Lucy was right behind her. Brance gave her a funny look before she added, “He may need his attorney.”
“True story,” Brance said. He left tire marks on the road as they took off.
“What is he thinking?” Kayla said. Lucy thought she knew, but she didn’t think it was her place to tell Gavin’s sister something he’d hidden from her all of these years. Gavin had to be livid that Tuck was digging up his past on top of everything else. She hoped that he didn’t do something stupid enough to land him back in jail. As Brance drove up the incline toward Tuck’s house, the three of them could see Mike out front, trying to look in a window. Satan was standing vigil about ten feet from the house. There was no sign of anyone else. He parked the truck, and the three got out.
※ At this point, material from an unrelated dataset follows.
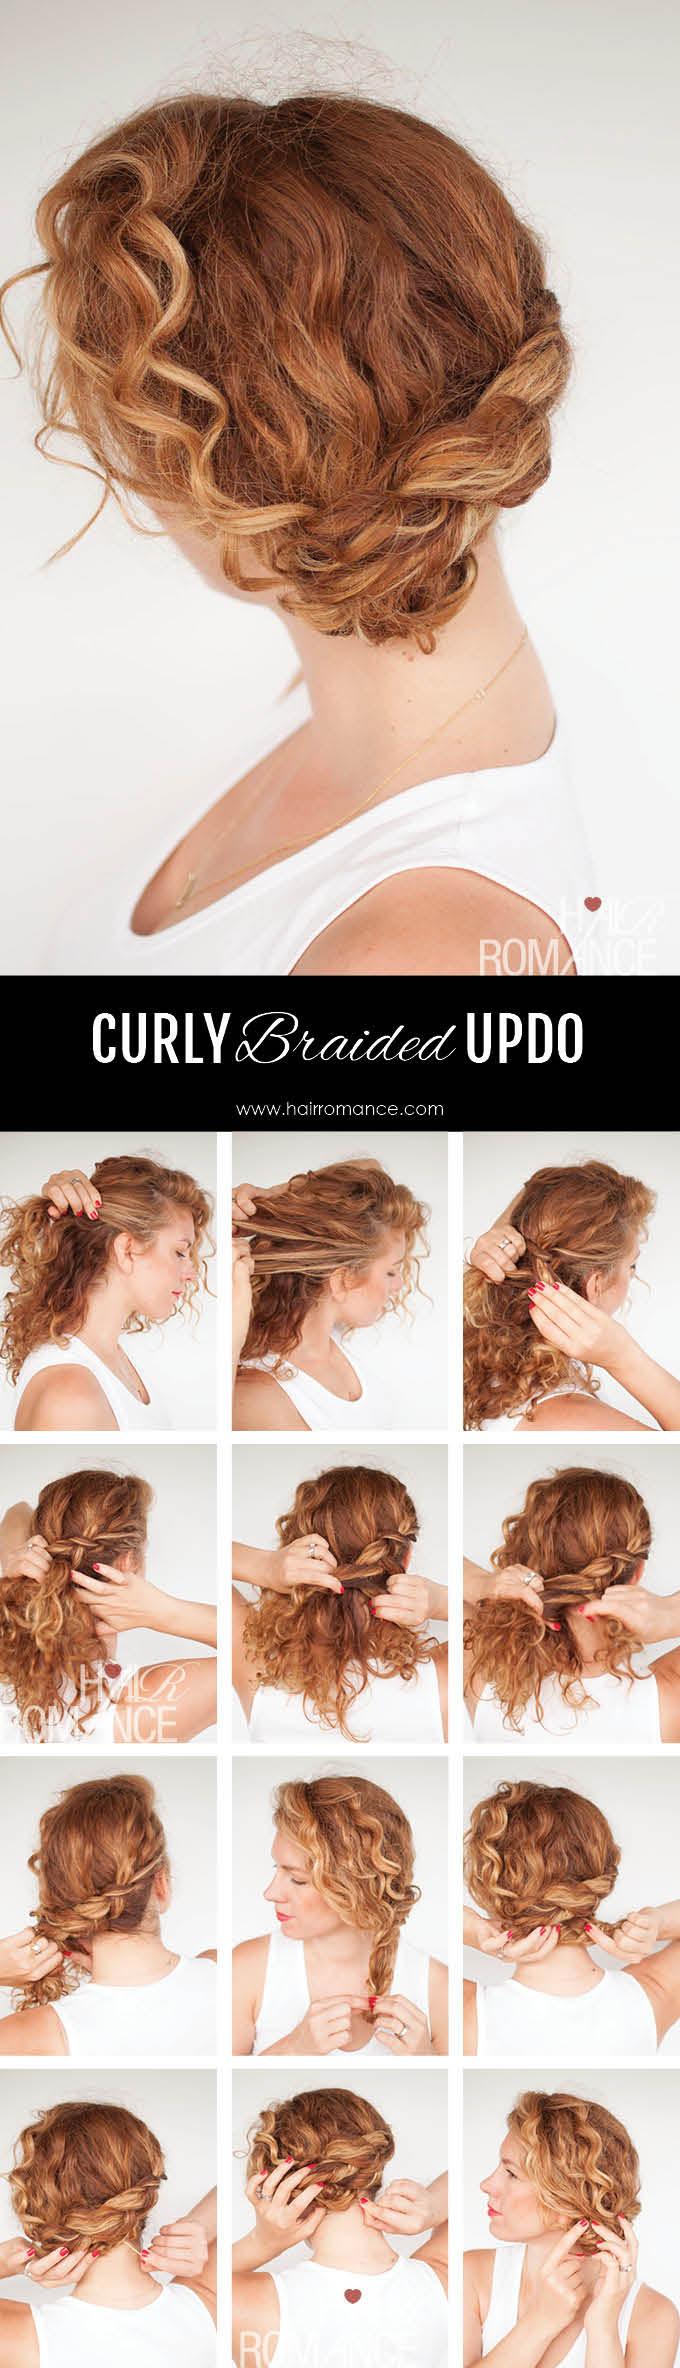 Hairstyles Quiz : Guys Hairstyle Quiz Haircutmodel.us

“Mike? Is he in there?” Kayla asked.
“I don’t know. Nobody’s answering.”
Kayla pounded on the door. “Gavin! Tuck! One of you better answer this door or so help me.”
“Kayla,” Lucy touched her arm. A big white four-wheel drive was coming up the path toward the house. “It’s Tuck.”
They all stood and watched the hateful man step down from his truck. As soon as his feet hit the ground, Brance pounced. He had him up against the side of the truck. “Where’s Gavin?”
“How the hell should I know?”
“His horse is here, Tuck. That horse wouldn’t leave him,” Kayla said.
“Brance, take it easy, okay?”
“Don’t worry about me, Red. This little punk doesn’t scare me,” Tuck proclaimed.
“I wasn’t worried about you. I am worried one of these guys is going to have enough of your crap and kill you. Although I’d like to do it myself, you’re not worth all the trouble I’d get into for it.”
“Let go of me, boy!” Kayla laid a hand on his shoulder, and Lucy saw Brance visib
ly relax the hold he had on Tuck. He finally let him go, shoving him back into the truck as he did.
“If anything happened to him, so help me God, you will be sorry, old man.” The words came out through Brance’s gritted teeth. Tuck smiled. Lucy wondered if he had a death wish.
“I don’t need to give that boy no trouble,” Tuck said, adjusting his shirt. “It seems he finds it all on his own. Now y’all get out of here, you’re trespassing. If I find your boy trespassing around here, I’m calling the law on him, and if that hapless Barney Fife cop doesn’t do anything about it, I’ll call the state police next time. Now go!”
Brance stepped forward again and this time, Mike took hold of his arm. “Come on, he ain’t worth it.”
Kayla walked over to where Satan stood his vigil and asked, “Where is he, boy?” Then she looked back at Mike and asked, “Are the dogs with him?”
“Yeah.”
“Come here!” They all came over and looked across the deep brush. The top of Clarence’s head could be seen and the grass around him was dancing like something was moving around in it. Kayla jumped on Satan’s back and clicked her tongue. As she raced toward Clarence, the rest of them followed on foot. Lucy saw Kayla pull the horse to a stop and slide off. She knelt down and now was almost invisible herself. “He’s here!” she yelled. Lucy, Brance, and Mike moved faster. When they got there, they found an unconscious Gavin on his back on the ground. Bo and Sam were standing on either side of him, guarding him. Poor Satan must have gone for help, not realizing that he was in the enemy’s camp.
“I’m gonna get the truck,” Mike said. Lucy was already on her phone dialing 911. This time he was going to the hospital, whether he liked it or not.
“Gavin, it’s Kay. Gavin! Can you hear me?” Tears began streaming down her frightened face.